GERECHTSHOF DEN HAAG

Team Belastingrecht

meervoudige kamer

nummer BK-19/00099

Uitspraak van 28 juni 2019

in het geding tussen:

[X] V.O.F. te [Z] , belanghebbende,

en

de inspecteur van de Belastingdienst/Centrale administratieve processen/Team Auto BPM, kantoor Doetinchem, de Inspecteur,

op het hoger beroep van belanghebbende tegen de uitspraak van de Rechtbank Den Haag van 17 december 2018, nr. SGR 18/2704.

Overwegingen

1. Belanghebbende heeft voor de Nederlandse registratie van een uit Duitsland afkomstige personenauto, een Mercedes-Benz V-klasse 250d, op aangifte € 13.148 aan belasting van personenauto’s en motorrijwielen (bpm) voldaan. Bij uitspraak op bezwaar heeft de Inspecteur het bezwaar tegen de voldoening op aangifte afgewezen.
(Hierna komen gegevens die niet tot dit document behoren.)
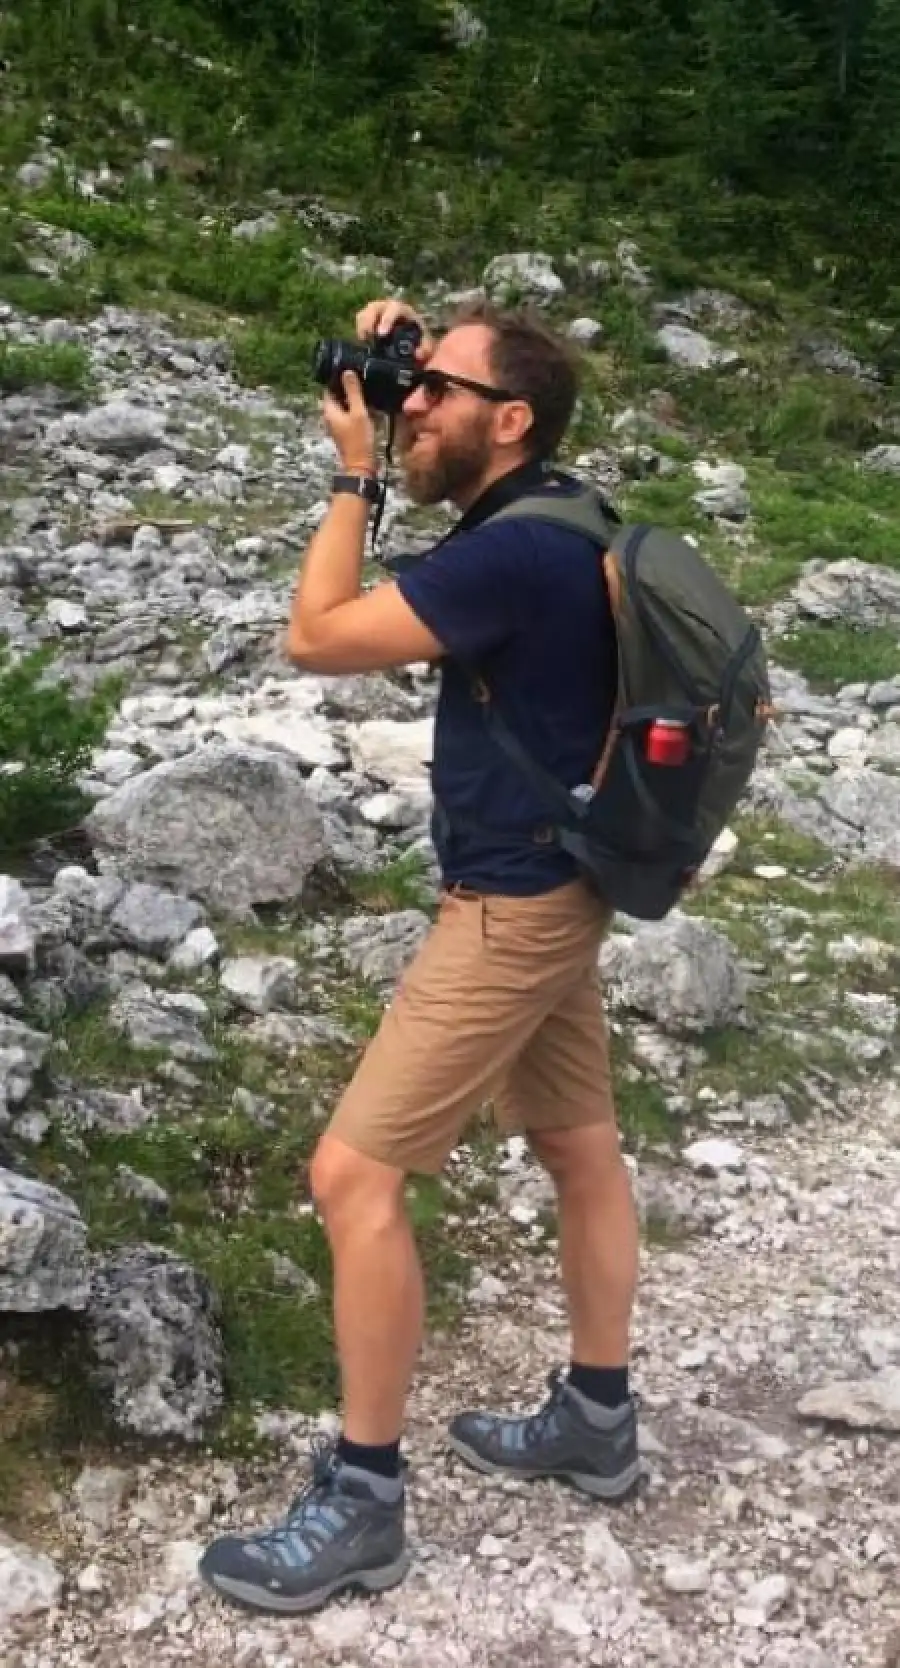 Taking a photo while hiking in the mountains

2. Tegen de uitspraak van de Inspecteur heeft belanghebbende beroep bij de Rechtbank ingesteld. Een griffierecht van € 338 is geheven. De Rechtbank heeft het beroep ongegrond verklaard.

3. Belanghebbende is van de uitspraak van de Rechtbank in hoger beroep gekomen bij het Hof. Een griffierecht van € 519 is geheven. De Inspecteur heeft een verweerschrift ingediend.
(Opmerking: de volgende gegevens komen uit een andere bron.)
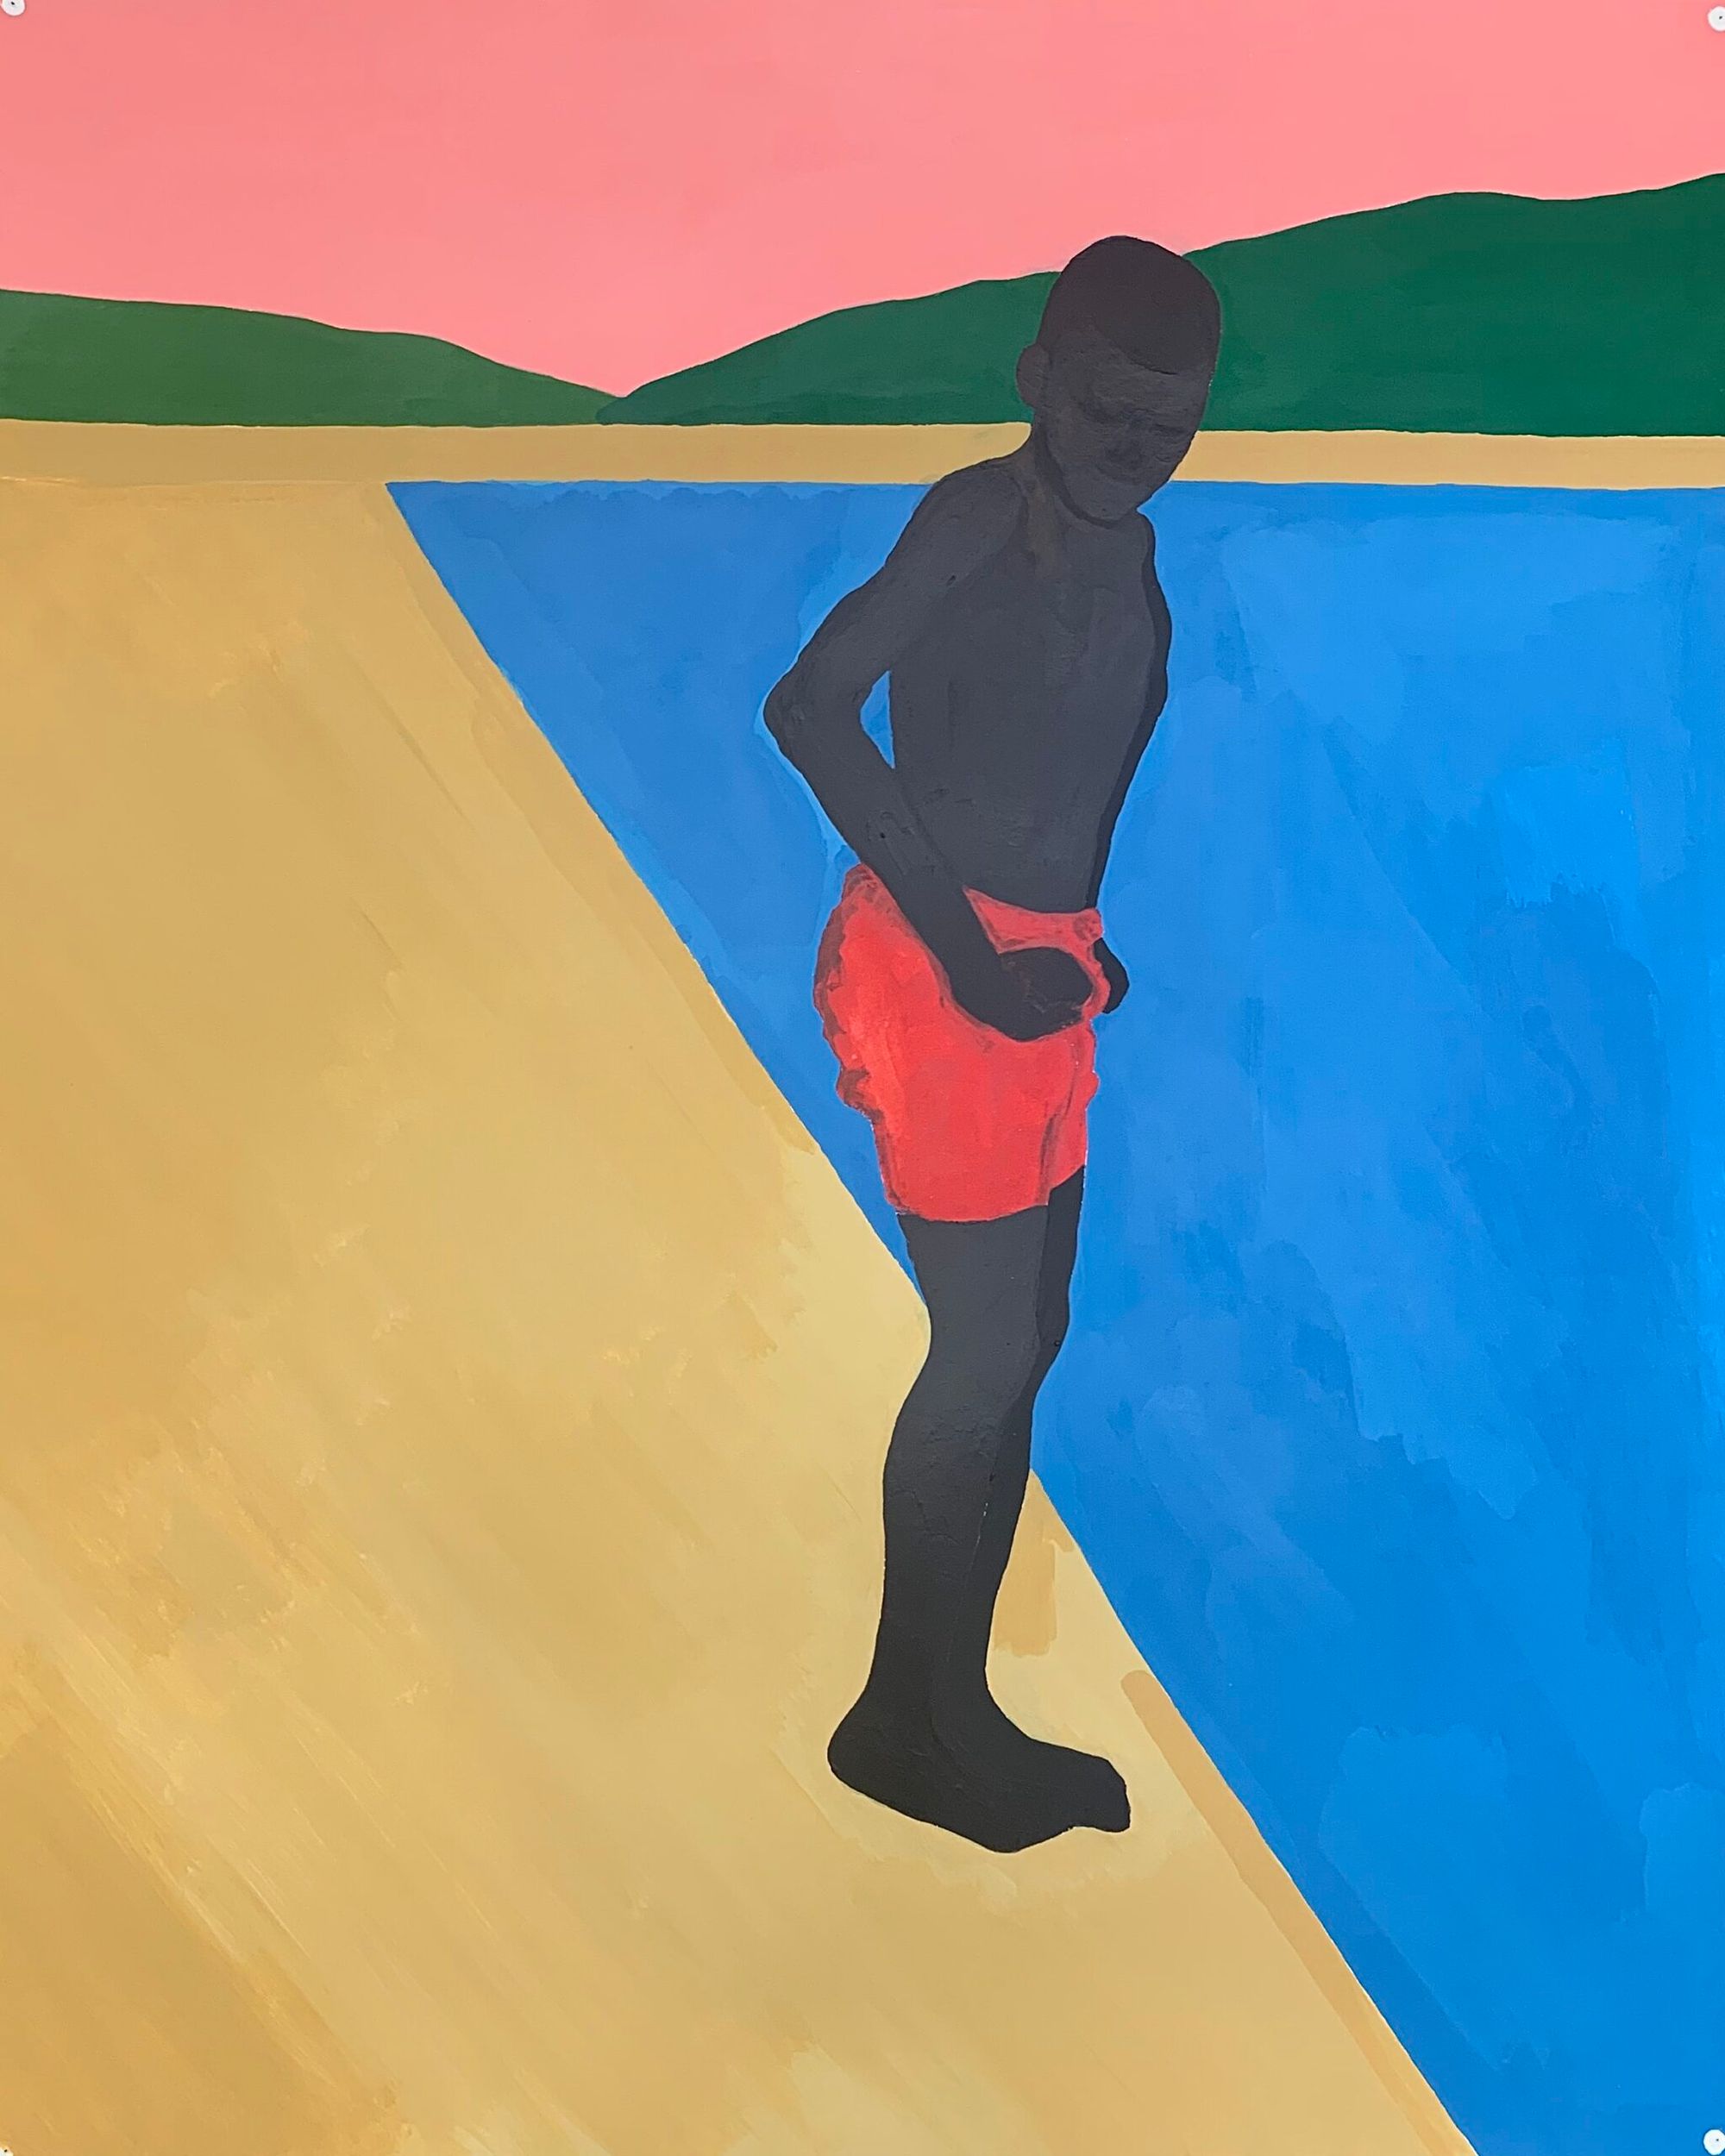 black figure by the pool

4. De mondelinge behandeling van het hoger beroep heeft plaatsgehad in Den Haag ter zitting van het Hof van 21 juni 2019. Partijen zijn verschenen. Op de zitting zijn ook de hoger beroepen in de zaken BK-19/00004 t/m BK-19/00015, BK-19/00096 en BK-19/00097 ( [A] B.V.), de zaak BK-19/00039 ( [B] V.O.F.), de zaak BK-19/00058 ( [C] ), de zaak BK-19/00100 (belanghebbende), de zaak BK-19/00101 en BK-19/00102 ( [D] ), de zaak BK-19/00103 ( [E] ), de zaak BK-19/00104 ( [F] ), de zaken BK-19/00105 en BK-19/00106 ( [G] B.V.), de zaak BK-19/00108 ( [H] B.V.), de zaak BK-19/00126 ( [I] B.V.), de zaak BK-19/00127 ( [J] ) en de zaak BK-19/00129 ( [K] ) behandeld. Met instemming van partijen geldt wat in het ene hoger beroep is aangevoerd en ingebracht ook, voor zover van toepassing, voor de andere hoger beroepen en geldt voor alle hoger beroepen ook, voor zover van toepassing, wat op de zitting van 7 juni 2019 is verhandeld met betrekking tot de zaken BK-19/00042 t/m BK-19/00056 ( [A] B.V.).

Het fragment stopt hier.